Nonetheless, the results of these new RCTs might not be sufficient for concluding about the efficacy of magnesium supplementation in this context. By employing meta-analysis techniques, the sample size increases, the likelihood of random results reduces, and the significance of statistical findings improves. Therefore, we conducted a systematic review and meta-analysis on RCTs results to assess the impact of oral magnesium supplementation on lipid profile among the overall population.

Methods

The present systematic review and meta-analysis followed the guidelines outlined by the Preferred Reporting Items for Systematic Reviews and Meta-Analysis (PRISMA) and was registered in PROSPERO under the protocol number CRD42024505142.

This systematic search was conducted using various databases, including the Cochrane Library, ClinicalTrials.gov, ISI Web of Science, Scopus, and PubMed until January 2024. Medical subjects heading (MeSH) and non-MeSH terms related to Magnesium, LDL-C, HDL-C, TG, TC, and clinical trials were used to search. Designing systematic search was performed by utilizing asterisks, quotation marks, parentheses, and Boolean operators (AND and OR) to maximize search outcomes. The search strategies for these databases are presented in supplementary Table 1. In line with collecting data, several steps have been taken. At first, the relevant and found articles were exported, and following that their titles and abstracts were separately reviewed by two individuals (MH and AGh) using the EndNote X21 reference manager. Completing the existing stages, efforts were made to find any missed articles by checking the references of relevant and reviewed articles. If there were any uncertainties, clarification was sought by emailing the corresponding authors.

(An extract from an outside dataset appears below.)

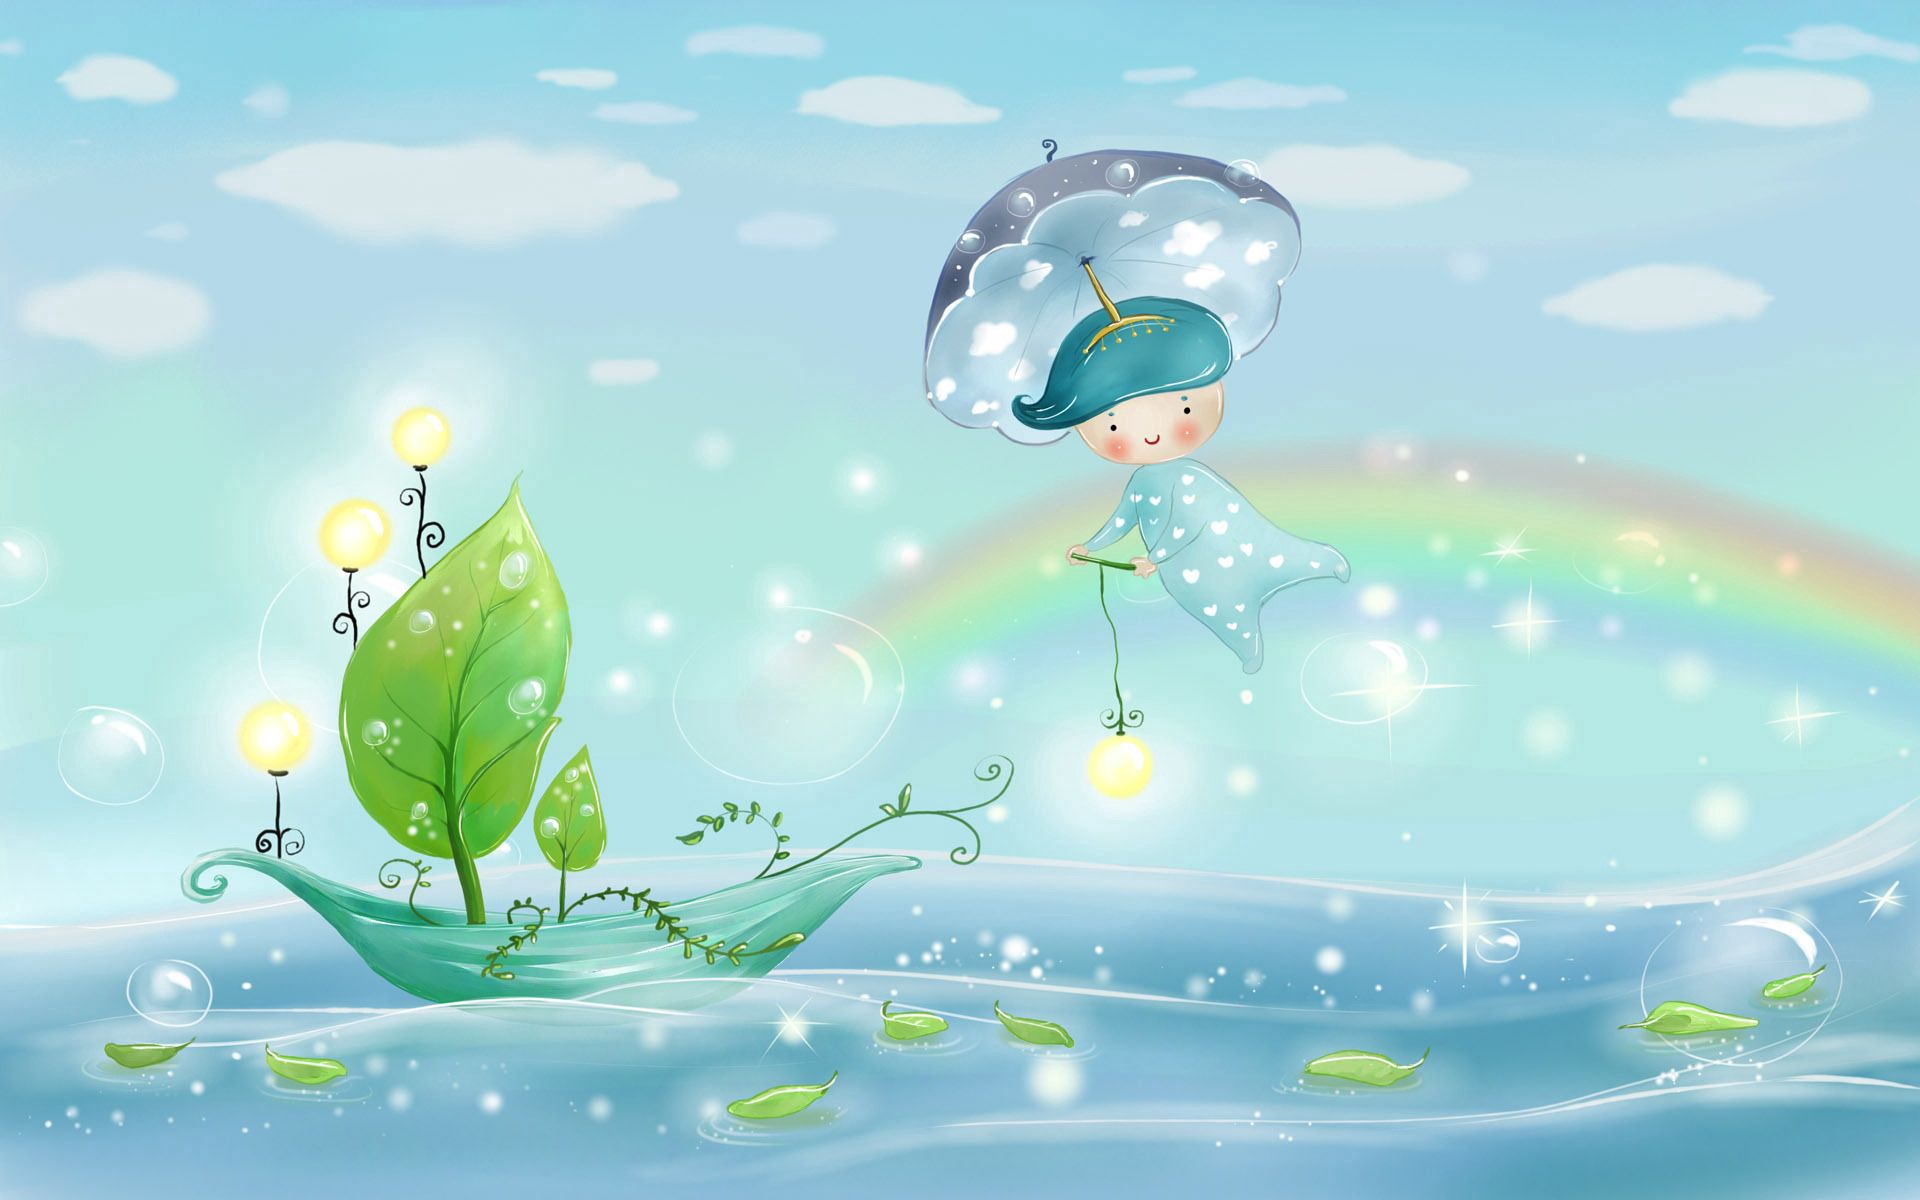 drawing, bubbles, vector, rain, picture, boat, lanterns, nature, water, sky, leaves, sea, clouds, rainbow, lights, shine, light, sail, umbrella, boy, weather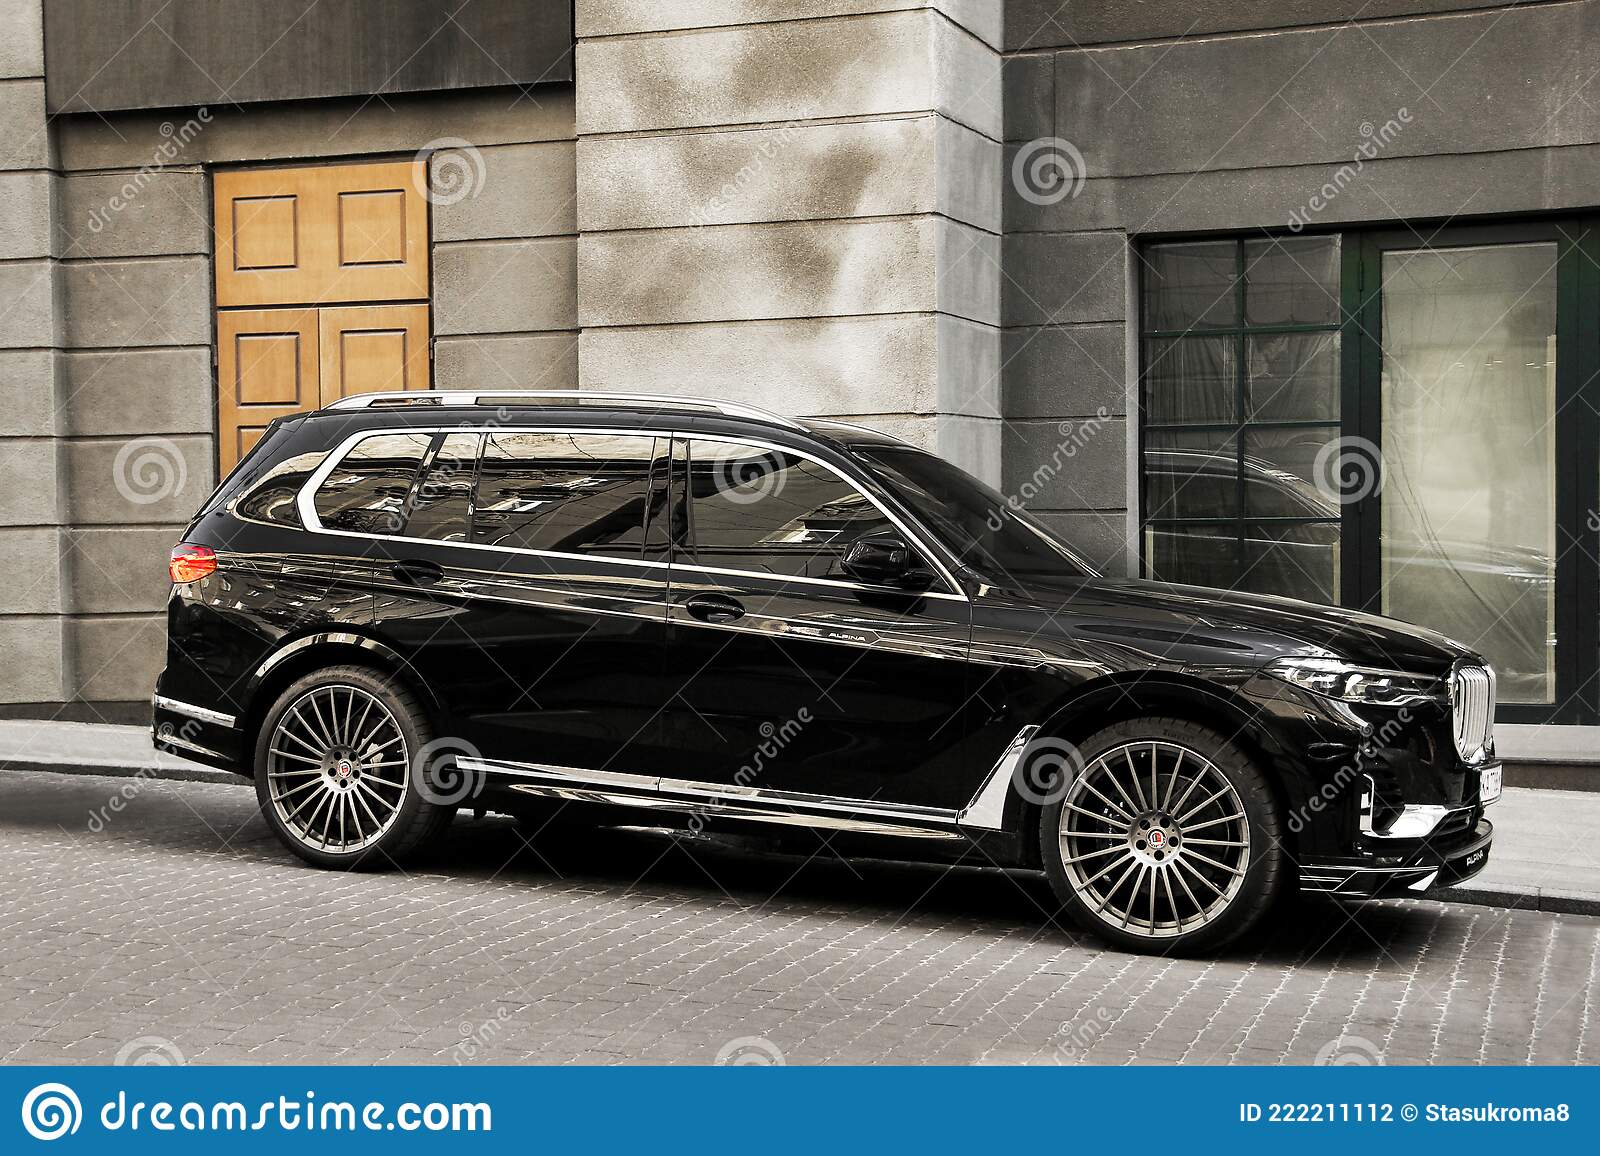 Kiev, Ukraine - May 22, 2021: Luxury SUV BMW Alpina XB7 Parked in the City  Editorial Photography - Image of transport, model: 222211112

Study eligibility criteria

In this study, PICOS (Patient/Population, Intervention, Comparison, Outcome, Study types) framework was employed as the inclusion criteria. We included RCTs involving magnesium supplements with a comparison arm, employing either a cross-over or parallel design. The study participants were adults aged 18 or above and we considered studies that reported changes in LDL-C, HDL-C, TG, and TC, along with their corresponding standard deviations (SDs), or that provided data allowing for the calculation of these values.

Two independent reviewers (MH and AGh) carried out all aspects of the systematic review, including screening studies, selecting them, assessing methodological quality, assessing based on inclusion and exclusion criteria, and extracting data. Any disagreements were resolved through group discussions until a consensus was reached. The exclusion criteria were established as follows: (1) RCTs where participants consumed other nutrients besides magnesium; (2) RCTs lacking placebo or comparison groups; (3) RCTs lacking data on serum levels of lipid profile before or after intervention in both study groups or any information for calculation; (4) RCTs using figures to show the results instead of clearly reporting the mean and SD of serum levels of lipid profile; (5) RCTs without magnesium dosage; (6) RCTs involving pregnant women; (7) RCTs using intravenous form of magnesium; (8) Non-English trials.

Data extraction

Information was extracted using a data collection form, with two independent investigators extracting the following details: first author’s name, publication year, study title, trial design, geographical region, intervention duration, participants’ age, sex, health status, body mass index (BMI), study sample size, magnesium dose, changes in the mean of lipid profile, and their corresponding SDs. For RCTs with more than one intervention or comparison group, each was considered as a separate study in the systematic review and meta-analysis. Any ambiguous data were addressed by reaching out to the corresponding author for clarification. Discrepancies were resolved through group discussions to reach a consensus during this stage.

Quality assessment

A modified version of the Cochrane risk-of-bias (Rob2) tool and the respective Excel application were used to assess the quality of each RCT [42]. Evaluation of RCTs was performed on the basis of several factors, including the randomization process, bias arising from period and carryover effect (just for cross-over trials), deviations from intended interventions, missing outcome data, measurement of outcome, and selection of reported results. According to the criteria of this tool, RCTs were categorized as having a low risk of bias (good quality), some concerns regarding bias (fair quality), or a high risk of bias (weak quality) [42]. Two reviewers (MH and AGh) independently assessed each RCT, and any disagreements were resolved through discussion and consensus with a third person (MS).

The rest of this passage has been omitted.